Zu Wes Anderson habe ich ein etwas zwiespältiges Verhältnis. Nach einem Fehlstart mit dem Kultklassiker Rushmore, der mir trotz Bill Murray gar nichts gesagt hat, war ich von den Royal Tenenbaums begeistert. Für Die Tiefseetaucher hatte ich noch viel Bewunderung übrig, aber mit Darjeeling Limited schien mir das Rezept für skurille Ensemble-Filme aufgebraucht. Den Trickfilm Der fantastische Mr. Fox fand ich erzähltechnisch recht müde. Doch mit erfolgreichen Moonrise Kingdom hat Anderson jetzt gezeigt, daß er seinen phantastischen Ideen doch noch Leben einhauchen kann.

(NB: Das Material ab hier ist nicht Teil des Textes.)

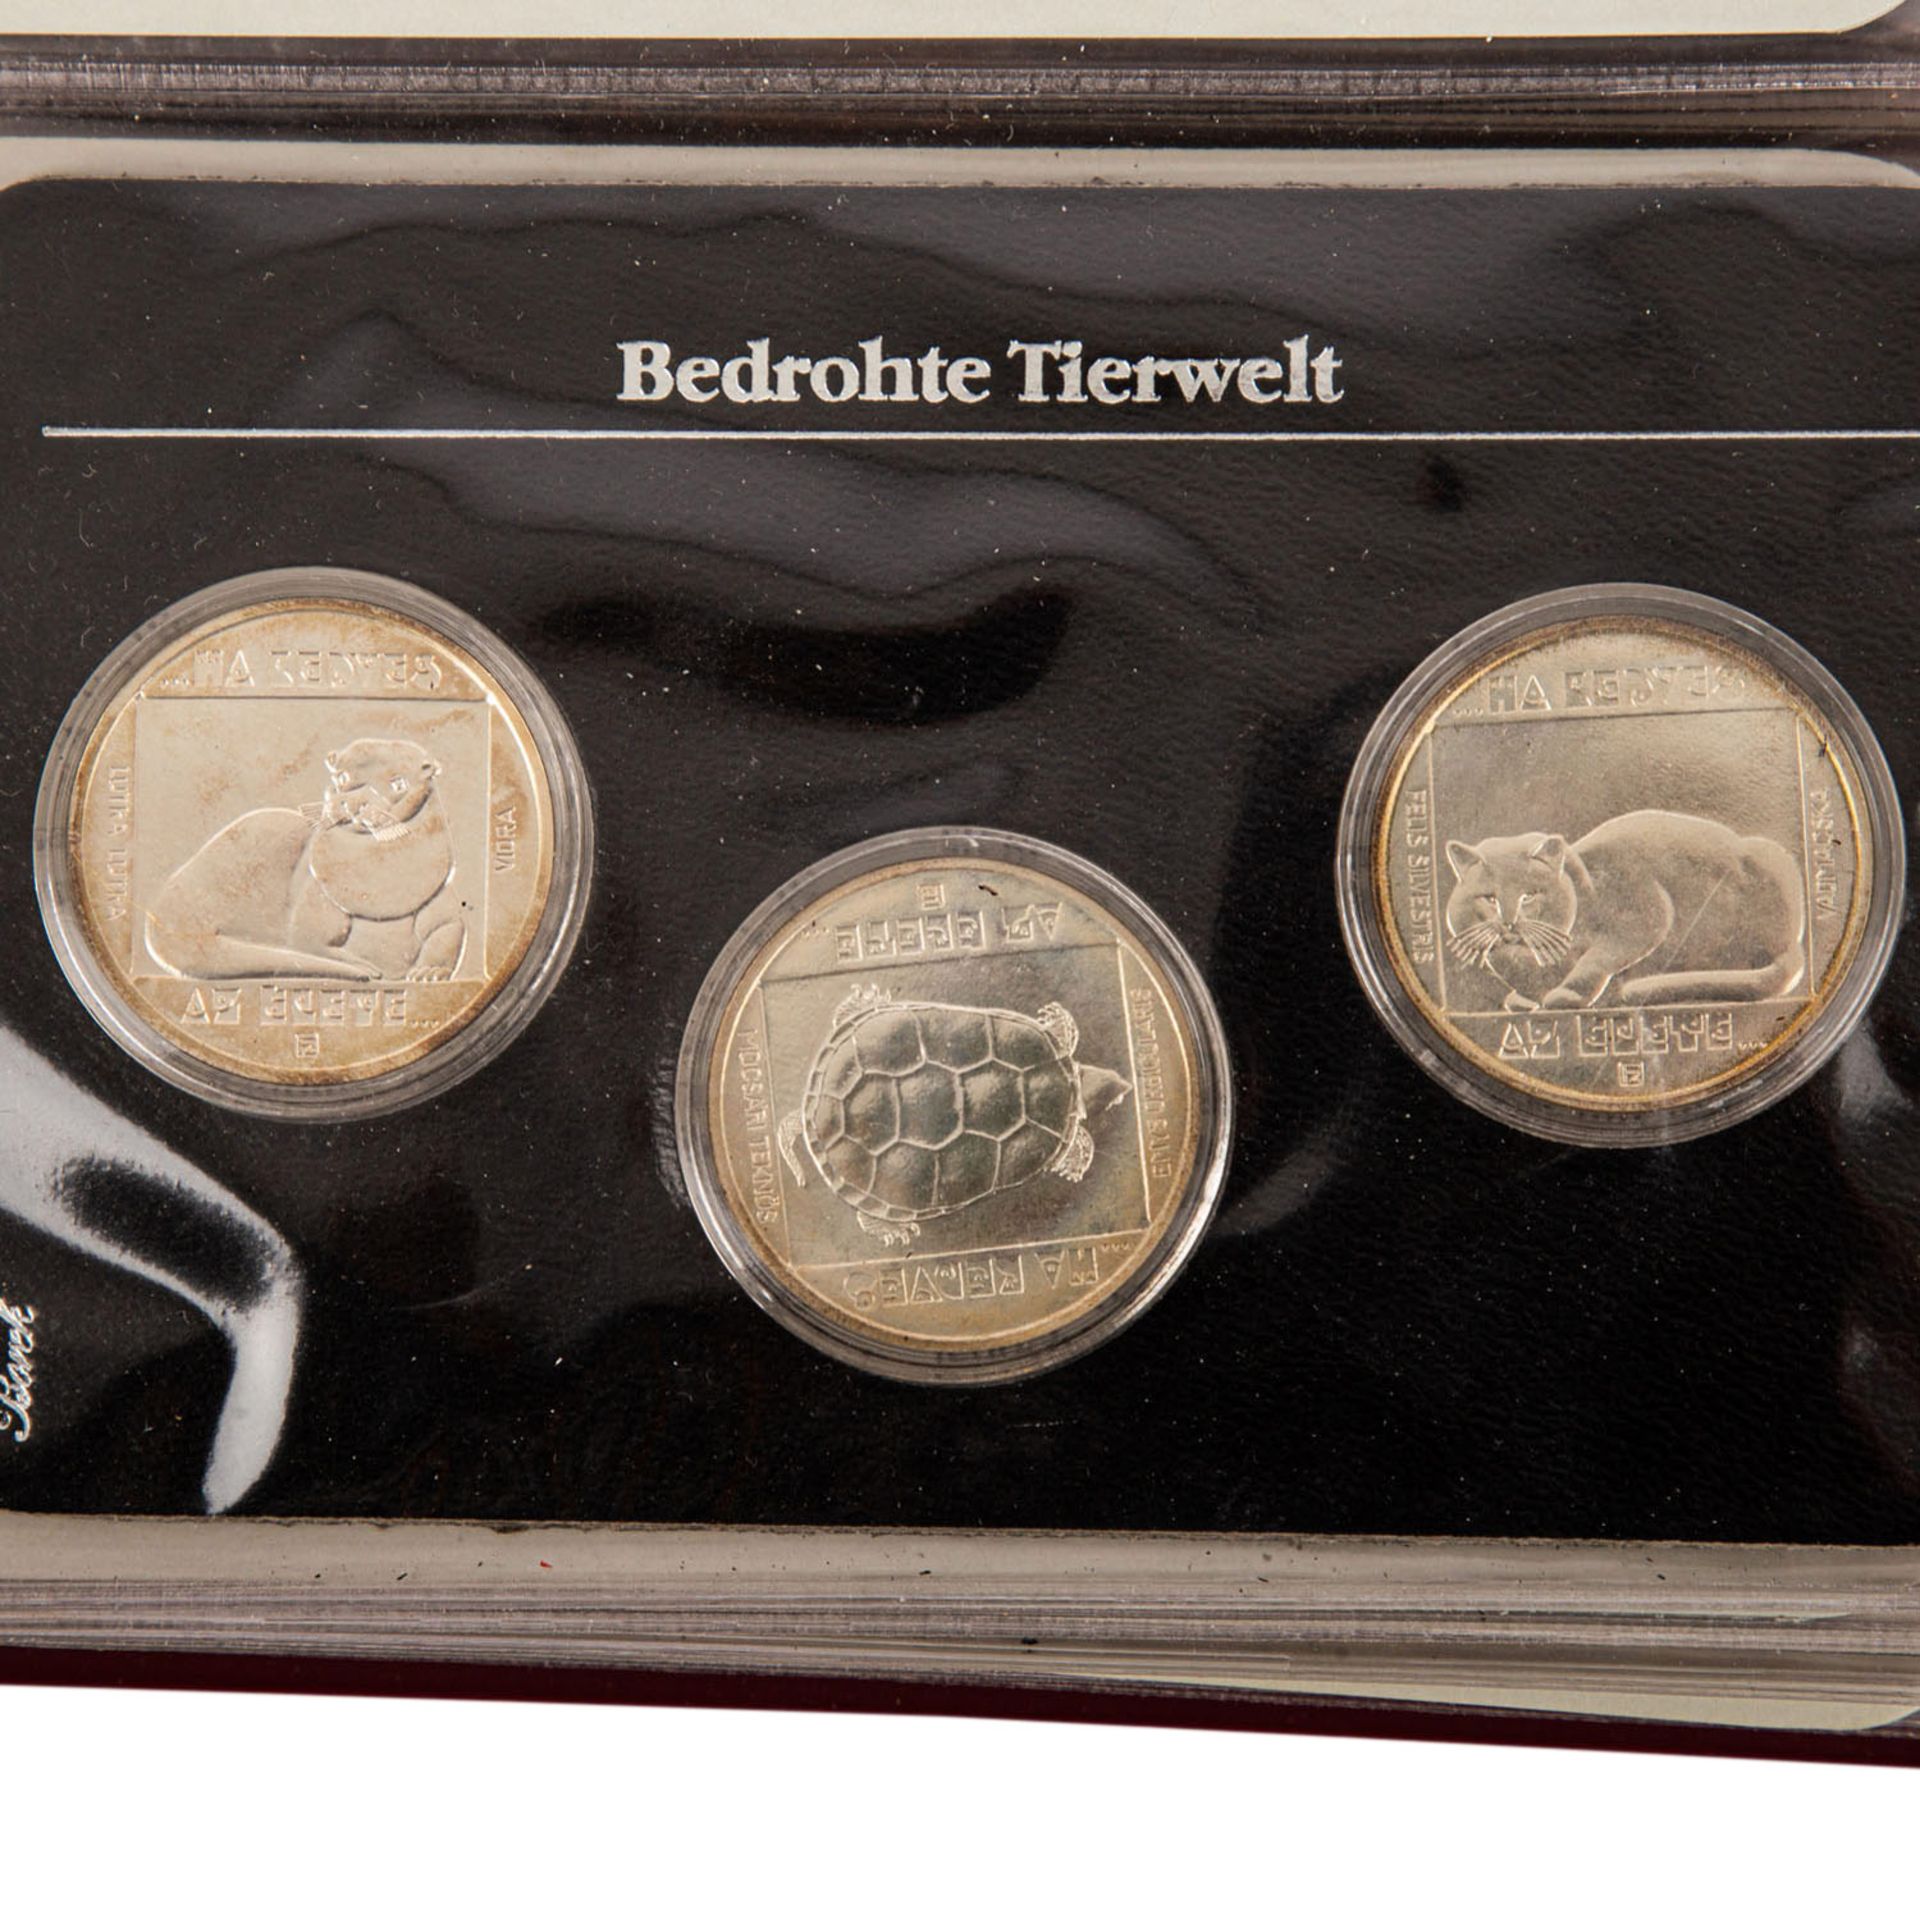 Bedrohte Tierwelt - Thematische Sammlung aus 1984/86,30 Münzen, teils in Silber, ausgiebig - Bild 4 aus 4

Trotz aller Stilisierung hat mich auch beim Wiedersehen nicht nur die Liebesgeschichte der beiden 12jährigen Sam und Suzy, sondern auch das Porträt so mancher Nebenfigur bewegt. Besonders Edward Norton als Pfadfinderleiter, Frances McDormand und Bill Murray als die Eltern von Suzy und Bruce Willis als abgehalfterter Polizist (im Gegensatz zu Kevin Smith kann Anderson mit dieser eigenwilligen Action-Diva wohl umgehen) haben mich überzeugt. Es ist schon ein Vorteil, wenn man seine vielen Nebenfiguren mit Stars besetzen kann, die diesen mit wenigen darstellerischen Pinselstrichen Charakter geben können.
Vielleicht geht beim zweiten Sehen das Konzept noch besser auf, in dem die Kinder den Erwachsenen einen Spiegel vorhalten. Es gibt eine solche liebevolle Detaildichte, die sich erst in der Wiederholung erschließen kann. Das beginnt schon mit dem musikalischen Scherz, den Film mit Brittens "Young Person's Guide to the Orchestra" beginnen zu lassen, das jungen Menschen etwas herablassend die Orchesterinstrumente erklärt. Im Abspann dann kommentiert der junge Hauptdarsteller dann die Filmmusik von Alexandre Desplat in ähnlicher Weise. Wundervoll auch die (erfundenen) Kinderbücher Suzys, ihr Hang zu melancholischen französischen Chansons ("Le temps de l'amour" gesungen von Françoise Hardy) und Sams kunstvolle Zeichnungen. Außerdem spielt die Handlung in meinem Geburtsjahr!
Daher korrigiere ich meine Bewertung gern zu einem Sehr gut (8/10).
Das Bild der Blu-ray wirkt manchmal etwas weich, fast unscharf, das scheint aber der Quelle geschuldet zu sein, denn Anderson hat wohl um des nostalgischen Effekts willen in 16mm gedreht. Ansonsten gibt es technisch nichts zu bemängeln, und es werden etliche informative Extras angeboten, hervorzuheben die allerdings nicht untertitelten Interviews, u.a. mit Wes Anderson und einem in Cannes aufgenommenen entspannten Bill Murray (jeweils ca. 10 Minuten). Dafür gibt es ein kurzes deutschsprachiges Making of, in dem auch Co-Autor Roman Coppola kurz zu Wort kommt.